Copyright 1999
Chapter 6
pH AND SULFUR DIOXIDE
Winemakers are always concerned with titratable acid (TA) and pH because both parameters influence wine characteristics. As discussed in the previous chapter, titratable acid is primarily responsible for the tart taste of table wines, but pH has little relationship on the tart taste. However, pH strongly affects several other important wine properties including color, oxidation, biological and chemical stability, etc. Although pH depends on the total acid content, other factors like potassium content influence pH, and because of these other factors, pH is not directly related to titratable acid. Nevertheless, wine pH is a fundamental parameter. pH has a profound influence on the biological and chemical effectiveness of sulfur dioxide in wine.
pH Chemists use the pH scale to describe the number of hydrogen ions present in a solution. pH uses an upside-down, logarithmic scale, and because of the upside-down scale, a smaller pH value represents more hydrogen ions. For example, a wine with a pH value of 3.0 contains ten times more hydrogen ions than in a wine with a pH of 4.0. Consequently, the pH value of a solution becomes smaller as the acid content of the solution becomes larger. Sometimes novice winemakers are confused by the upside-down scale. pH can be measured by several different methods, but a pH meter with three-digit accuracy is the most practical way of measuring wine pH.
Factors Affecting Wine pH
pH is a measure of the number of hydrogen ions present in a solution. Consequently, the pH value reflects the quantity of acids present, the strength of the acids and the effects of minerals and other materials in the wine. Many different factors are involved, but wine pH depends upon three major factors: (1) the total amount of acid present, (2) the ratio of malic acid to tartaric acid, and (3) the quantity of potassium present. These three factors are discussed below.

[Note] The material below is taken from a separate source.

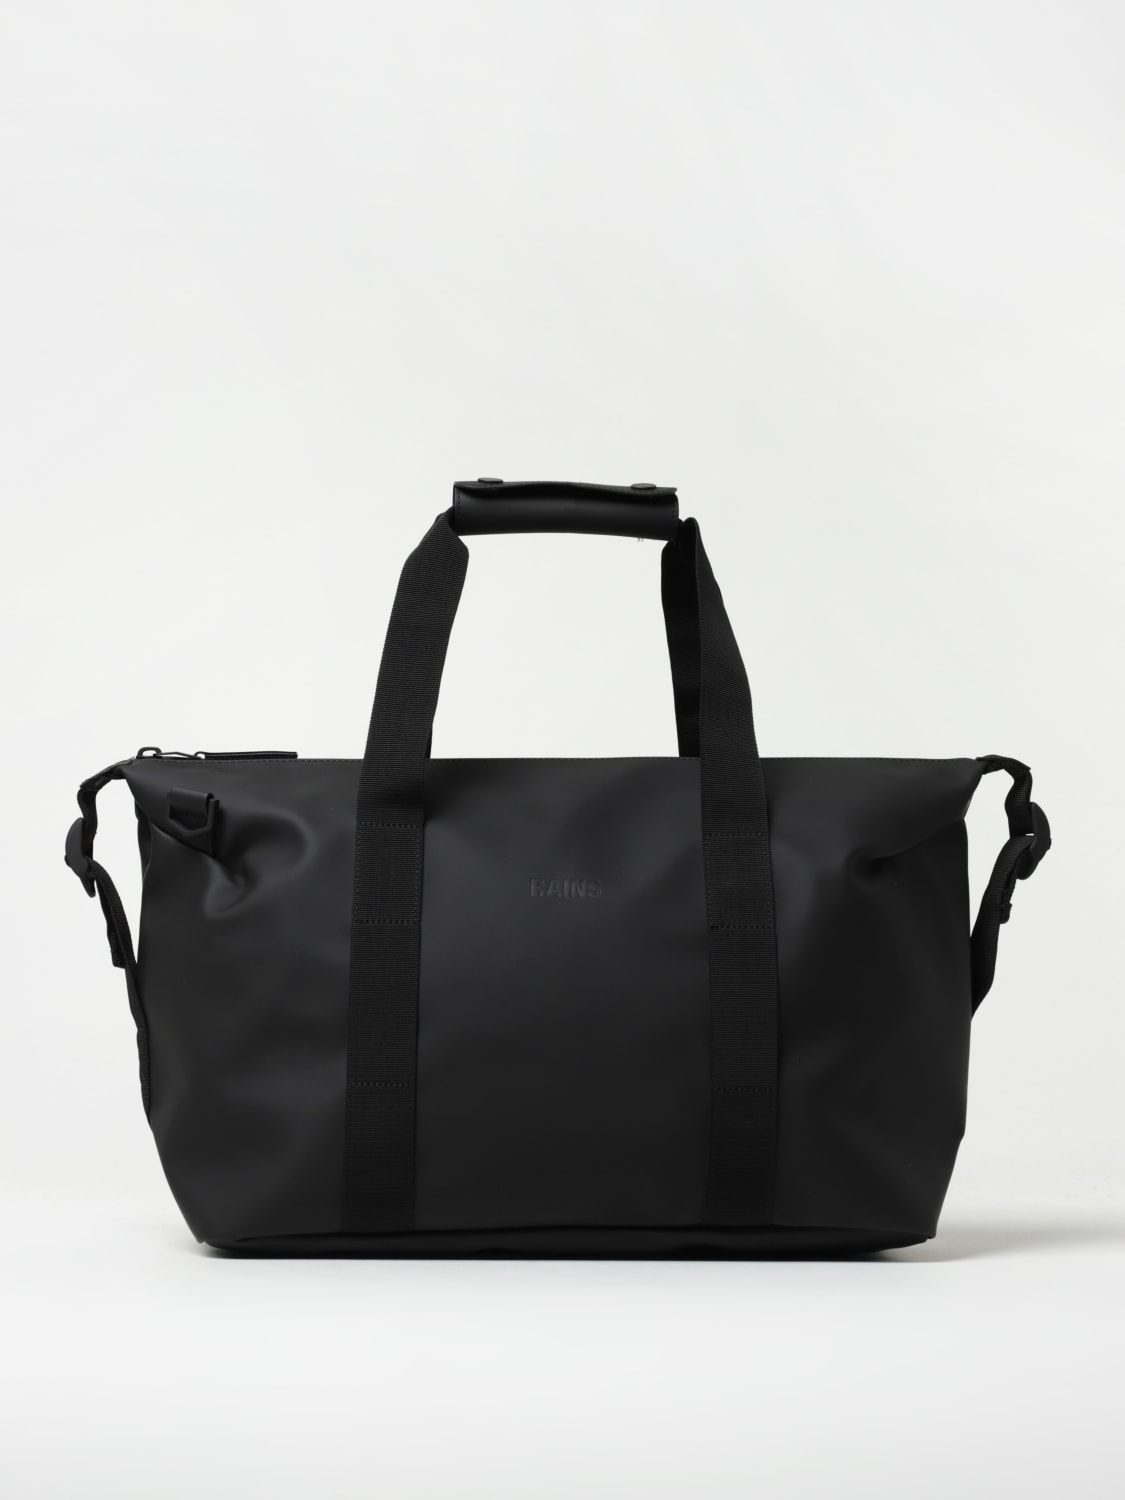 Men's Weekend Bags - Buy Weekend Bags Online

(1) Wine acids produce hydrogen ions, and pH is a measure of the number of hydrogen ions present in a solution. Overall, wine pH will be lower when the titratable acid is higher. However, high titratable acid does not always produce low pH values. The presence of potassium and several other factors alter wine pH. Malic acid is weaker than tartaric acid, so wines unusually high in malic acid can have a high TA and a high pH value. High acid, high pH wines require special treatment using an ion exchange technique. However, ion exchange equipment is very expensive, so most small producers have difficulties handling high acid, high pH wines.
(2) Tartaric acid produces almost three times more hydrogen ions than malic acid, so gram for gram, tartaric acid produces a much lower pH than malic acid. Therefore, when the total acid content is fixed, pH depends upon the relative amounts of tartaric and malic acid in the juice or wine. For example, a wine containing an unusually large amount of malic acid might have a titratable acid of 0.65 percent and a pH of 3.9. A second wine containing more tartaric and less malic acid might have a titratable acid of 0.65 percent, but the pH might be 3.4. Wine pH increases as the relative amount of malic acid increases.
(3) Potassium (K) is essential for vine growth and fruit production. Potassium is a mineral, and vines obtain potassium through their roots. The roots remove potassium from the soil, and the potassium is distributed to all parts of the vine. Early in the season, when the growth rate is high, much of the potassium accumulates in the leaves. Then the potassium ions are moved from the leaves into the berries later in the season when the fruit starts to ripen.
Potassium ions carry a positive electrical charge just like hydrogen ions. Under certain conditions, potassium ions can change places with the hydrogen ions at the extreme ends of the tartaric acid molecules. These are the hydrogens that ionize easily in water solutions, and these are the hydrogens shown in bold type in Figure 2. Potassium bitartrate is formed when potassium is exchanged for hydrogen, and the hydrogen then becomes a free ion in the solution.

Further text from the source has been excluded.